Pathological changes in the lung tissues were observed by H&E staining (original magnification 200 ×). A Normal group. B Model group. C Emodin (20 mg/kg) group. D Emodin (40 mg/kg) group. E Emodin (80 mg/kg) group. F DEX group. The lung tissues of rats treated with different concentrations of emodin and DEX looked healthier than those of the model rats.

Fig. 6

Effects of emodin on LPS-induced activity of MPO and MDA in the lung tissues. A MPO activity. B MDA activity in lung tissues. All data are presented as the mean ± SD (n = 8). ^*P < 0.05, ^**P < 0.01 vs. normal group. ^#P < 0.05, ^##P < 0.01 vs. model group.

Fig. 7

Effects of emodin on NLRP3 inflammasome-dependent signaling pathway-associated proteins in a rat model. A–E The protein levels of NLRP3, ASC, CASP1, and GSDMD were detected by western blotting, and the grayscale values of the bands were analyzed using ImageJ software. All data are presented as the mean ± SD (n = 8). ^***P < 0.001 vs. normal group. ^#P < 0.05, ^##P < 0.01, ^###P < 0.001 vs. model group; ^∆∆P < 0.01, ^∆∆∆P < 0.001 vs. DEX group.

Fig. 8

Effects of emodin on NLRP3 inflammasome-dependent signaling pathway in rat lung tissues. A Semi-quantitative evaluation of NLRP3, CASP1, ASC, and GSDMD immunohistochemical staining (original magnification 200 ×). B–E The average OD was determined by Image-Pro Plus 6.0 software.

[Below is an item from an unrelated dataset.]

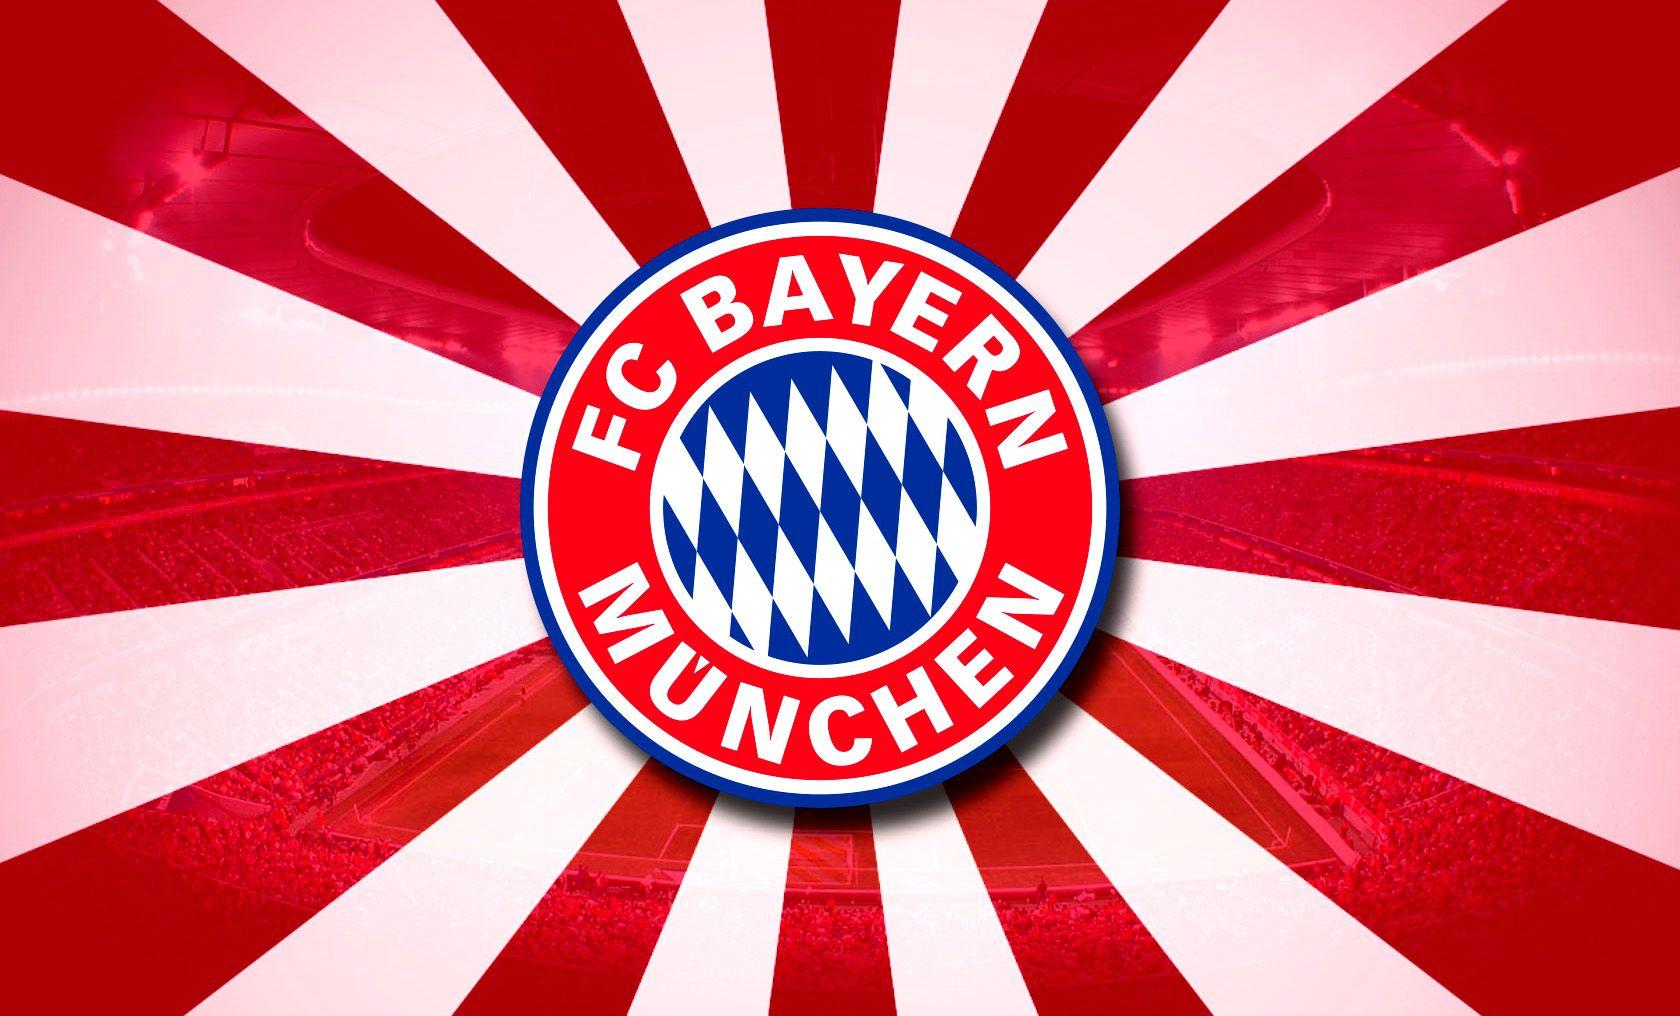 Cool Bayern Munchen Latest Wallpaper Images Picture Gallery Bayern Munich Bayern Bayern Munich Wallpapers

F–G The mRNA levels of NLRP3, CASP1, ASC, and GSDMD in rat lung tissues were determined by RT-PCR. H–I Effects of emodin on the expression of IL-1β and IL-18 in rat serum was determined by ELISA. Data are shown as the mean ± SD (n = 8). ^***P < 0.001 vs. normal group; ^#P < 0.05, ^##P < 0.01, ^###P < 0.001 vs. model group; ^ΔP < 0.05, ^ΔΔP < 0.01, ^ΔΔΔP < 0.001 vs. DEX group.